Types of inputs used for diagnosing mental and neurological disorders
A considerable variety of input data types has been observed in the reviewed studies. The most common type of input is facial features (such as images, videos, facial expressions, and subtle facial muscle movements), which have been used in most studies. Many of these studies have used image databases or recorded video data from real interactions and facial movements of children and adults. In addition to image data, some studies have used multimodal data, such as combining facial features with EEG signals, speech information, or even written text from patient interactions. This multimodal combination has in some cases led to increased accuracy and sensitivity of the diagnostic models. Several studies have also used fMRI data to analyze brain connectivity in the diagnosis of anxiety in children. Some other specific inputs include thermal images of the face, eyebrow movements, head angles and eye area, as well as behavioral and expressive features through the body (such as movements recorded with Kinect).
Figure 3 shows the frequency of input data types used in the reviewed studies for diagnosing mental and neurological disorders. The most commonly used input data in the studies were facial images and videos, which were used in 29 studies. This was followed by EEG data and multimodal models (a combination of multiple data types) each used in 3 studies. Other data such as fMRI, speech, thermal images, and behavioral data were used less frequently.
Fig. 3.
Distribution of input data (input modality) in the reviewed studies
The diversity of input data reflects technological advances and a deeper understanding of the biological and behavioral complexities of mental disorders. The use of multimodal data provides an opportunity to improve the accuracy of diagnosis and the reliability of models, because complementary information from multiple sources can compensate for the shortcomings of each individual data type. This multimodality approach requires the development of more complex algorithms and the optimization of data fusion, which is a major scientific challenge. Also, the use of more complex data such as fMRI opens up new potentials in brain analysis of these disorders that can contribute to more accurate diagnosis and a better understanding of the underlying mechanisms [66, 67].

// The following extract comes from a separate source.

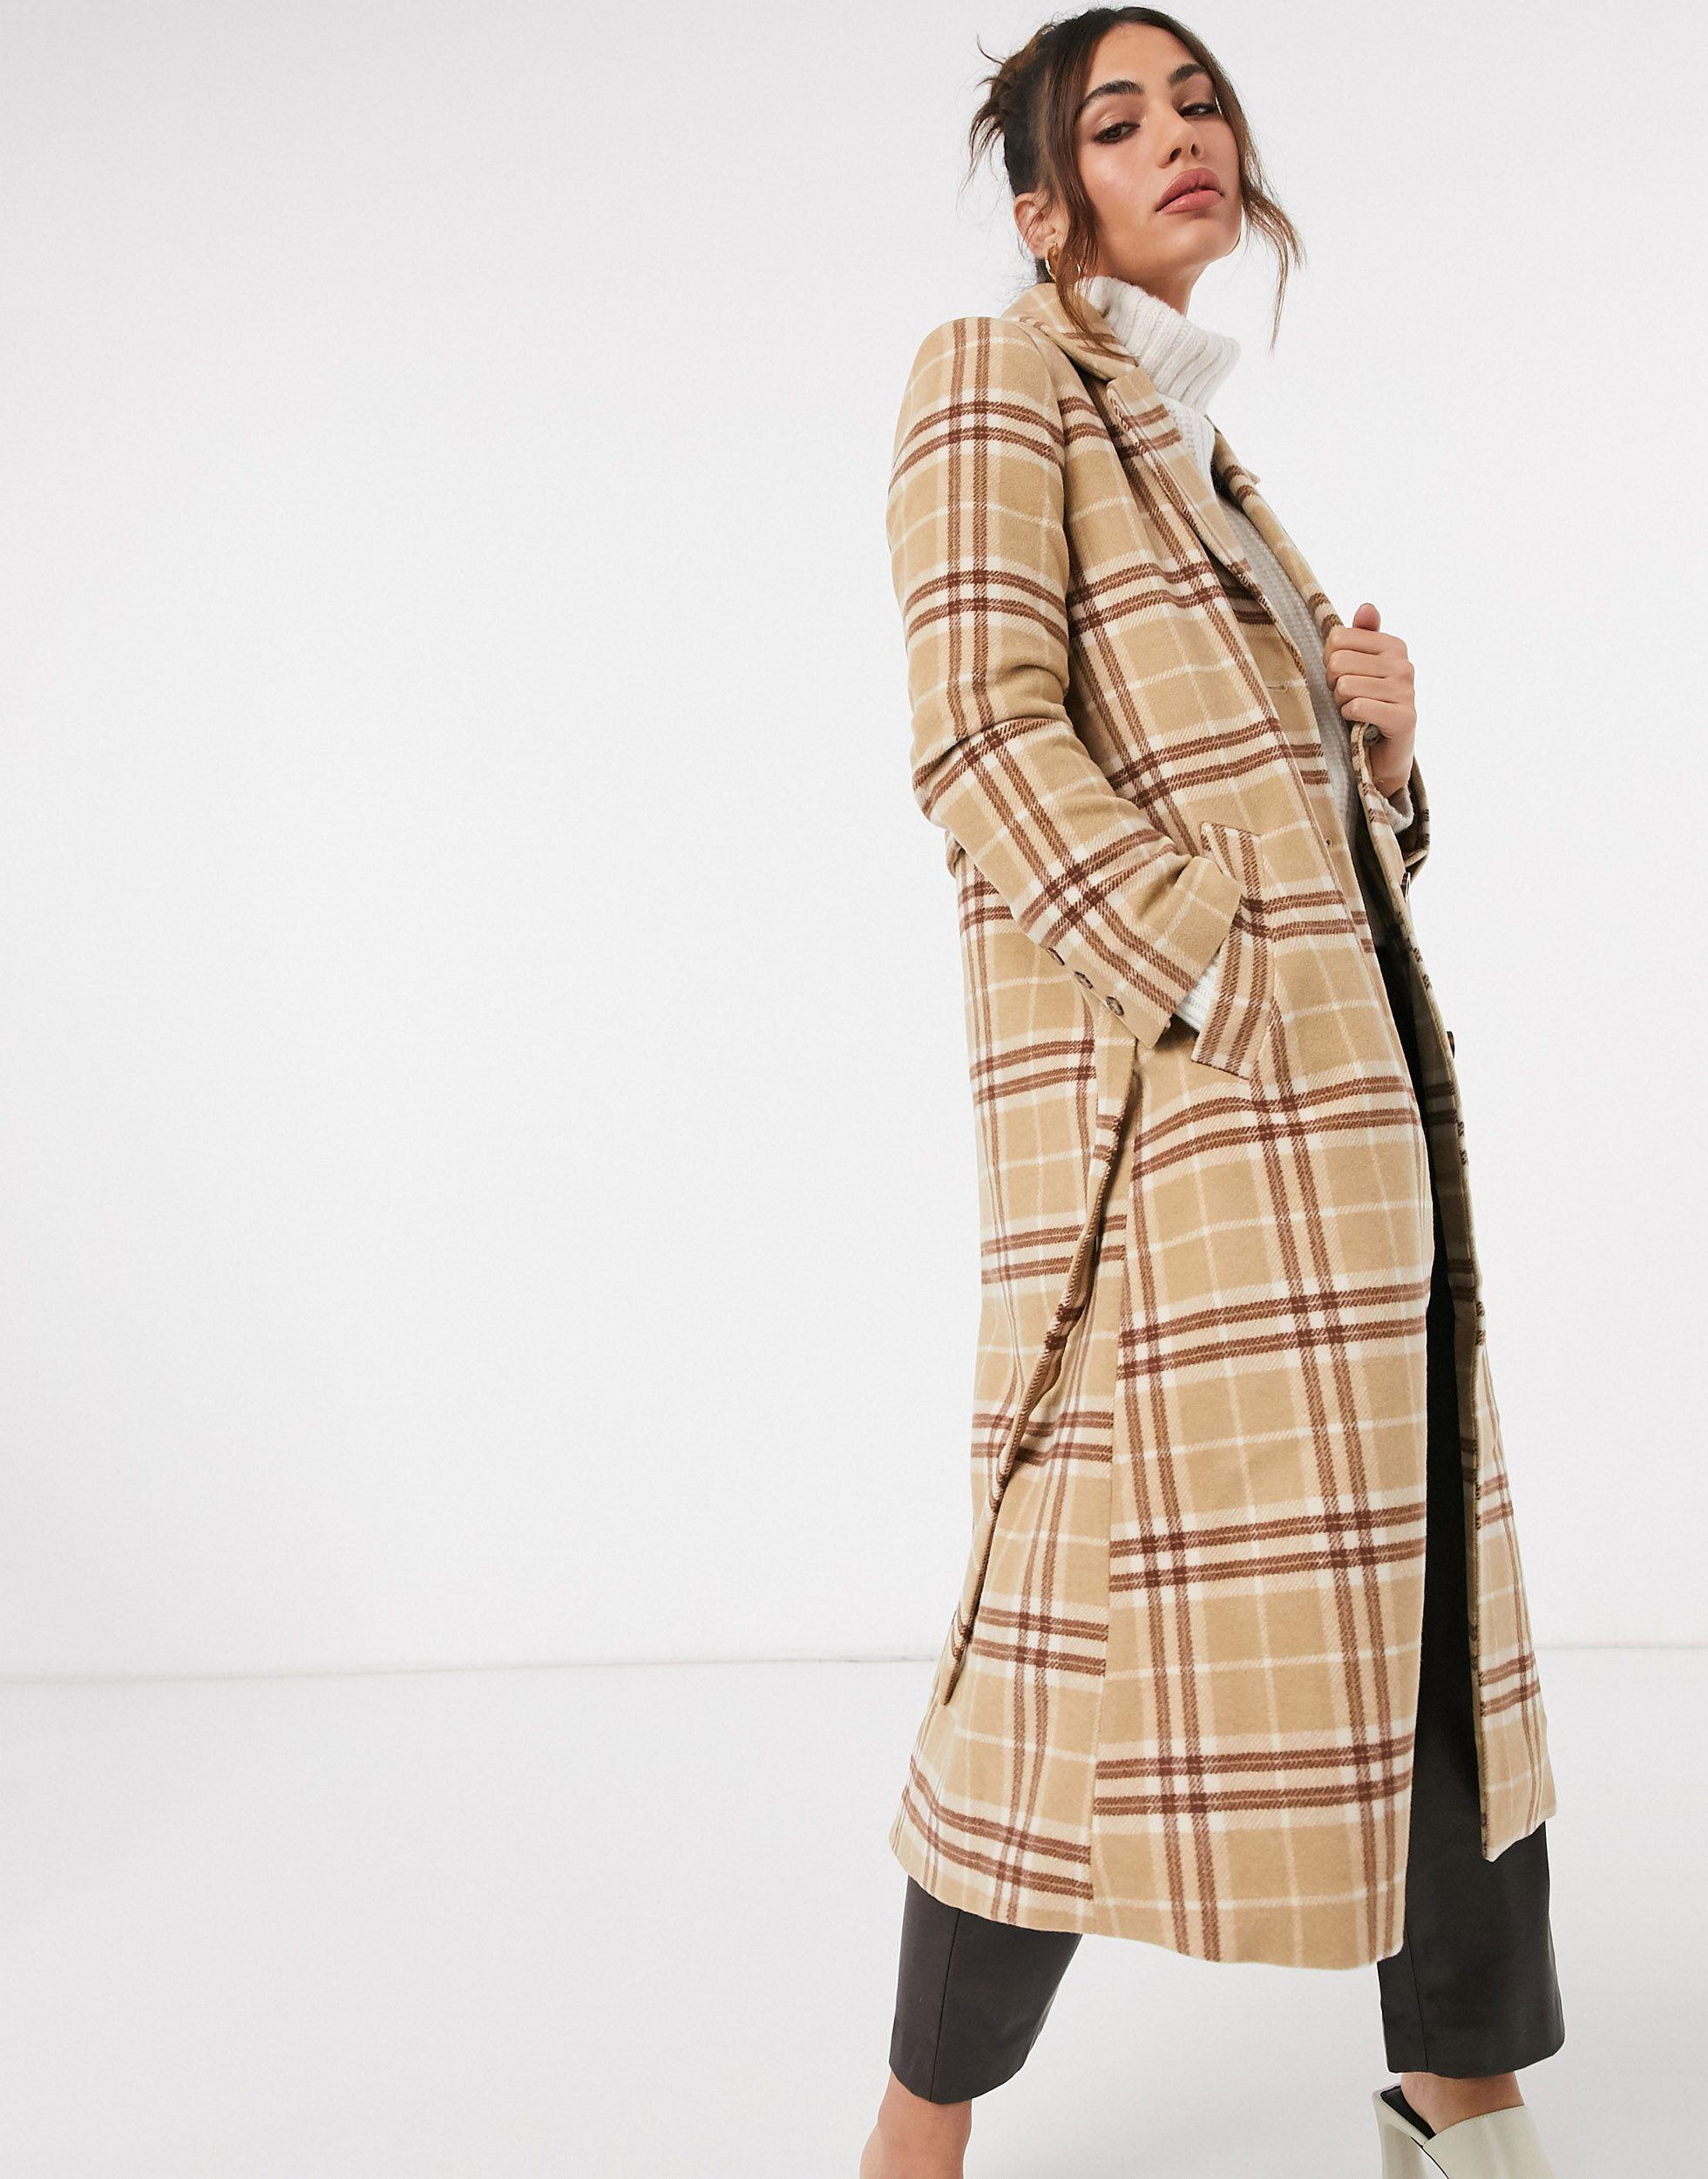 & Other Stories Wool Blend Belted Check Coat in Brown - Lyst
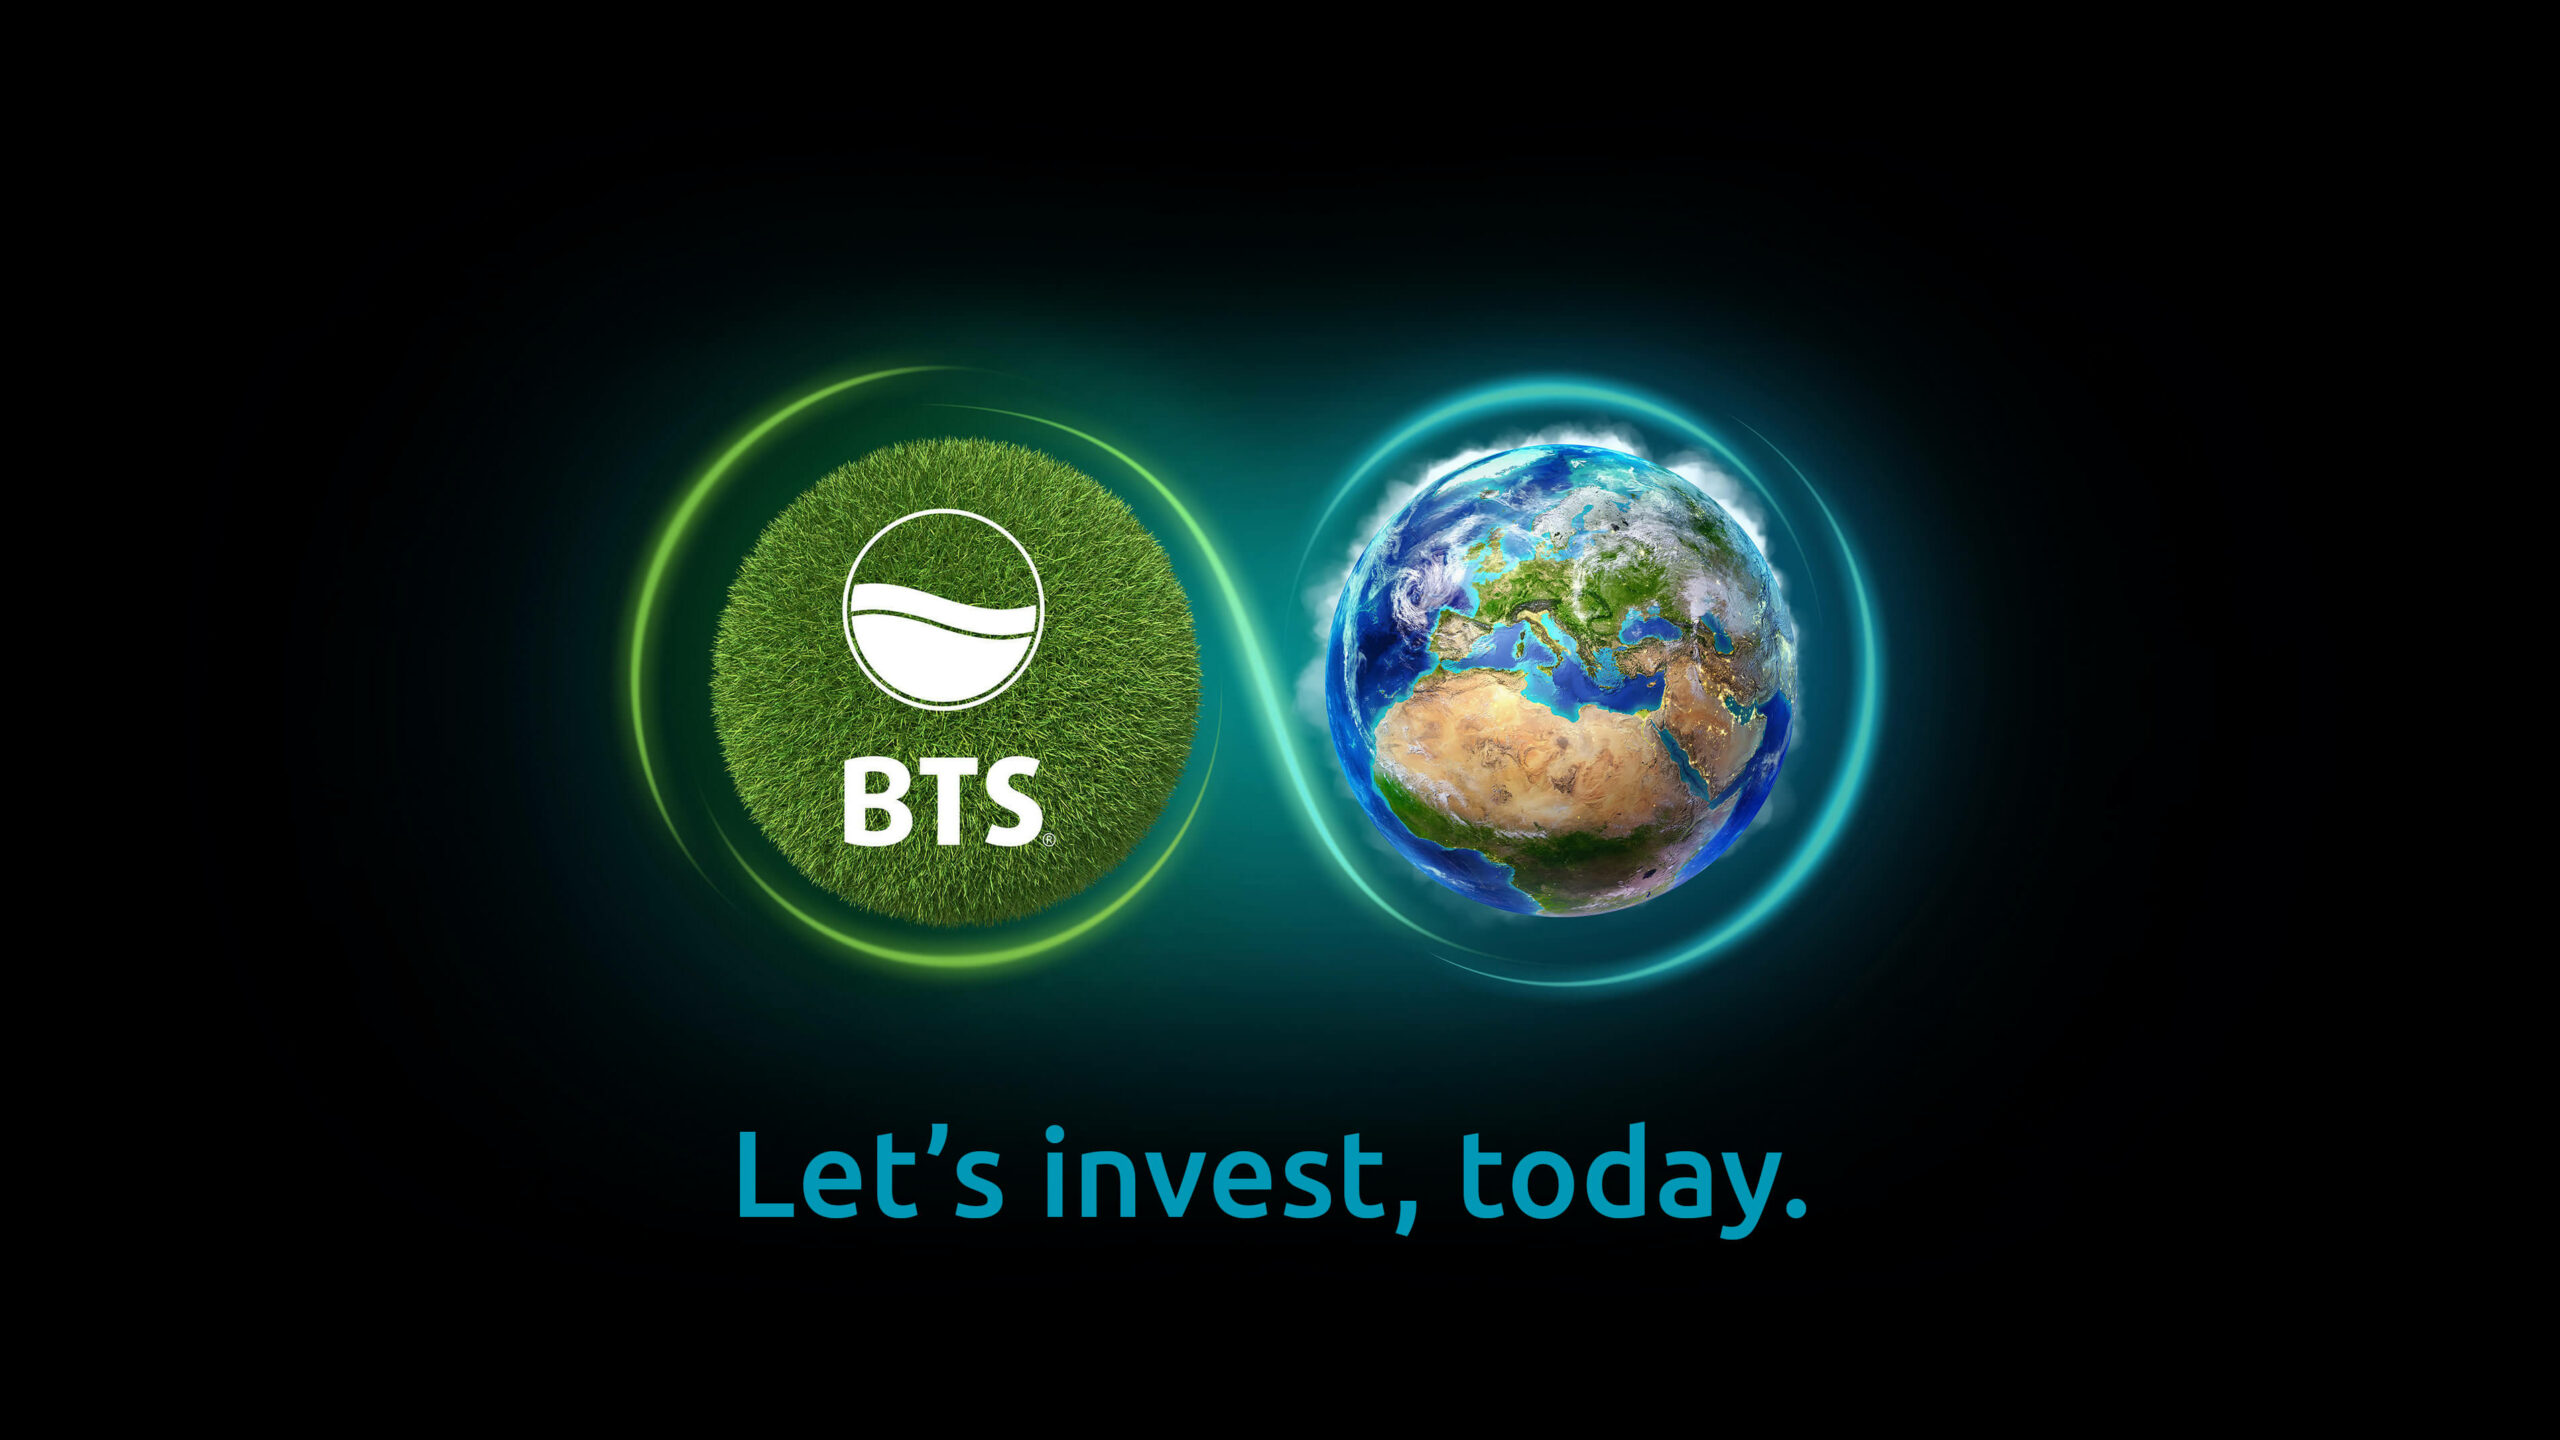 Featured image for “BTS Biogas expands its business model by entering the market as an investor”

AI algorithms and methods used in studies
The reviewed studies used a wide range of machine learning (ML) and deep learning (DL) methods to analyze facial data and other inputs. Many studies used convolutional neural networks (CNN) as the basis of the model, and some combined it with other algorithms such as genetic algorithms (GA), LSTM, or fuzzy logic to improve model performance. The use of transfer learning methods was also evident in several studies, especially in studies that used pre-trained models such as VGG16, MobileNet, ResNet, and EfficientNet to extract facial features. These models were sometimes used independently and sometimes in the framework of hybrid models. In some studies, classical machine learning methods such as SVM, Random Forest, KNN, Logistic Regression, AdaBoost, and XGBClassifier have been used to classify the extracted features. In some cases, hybrid models such as CNN-LSTM or CNN with AutoML or recurrent networks such as BiLSTM have been used. Several studies have also used more modern methods such as Federated Learning, Attention Networks, or combining learning models with statistical and graph-based analyses (such as SHAP, LIME, graph coloring, or Lasso regression analysis).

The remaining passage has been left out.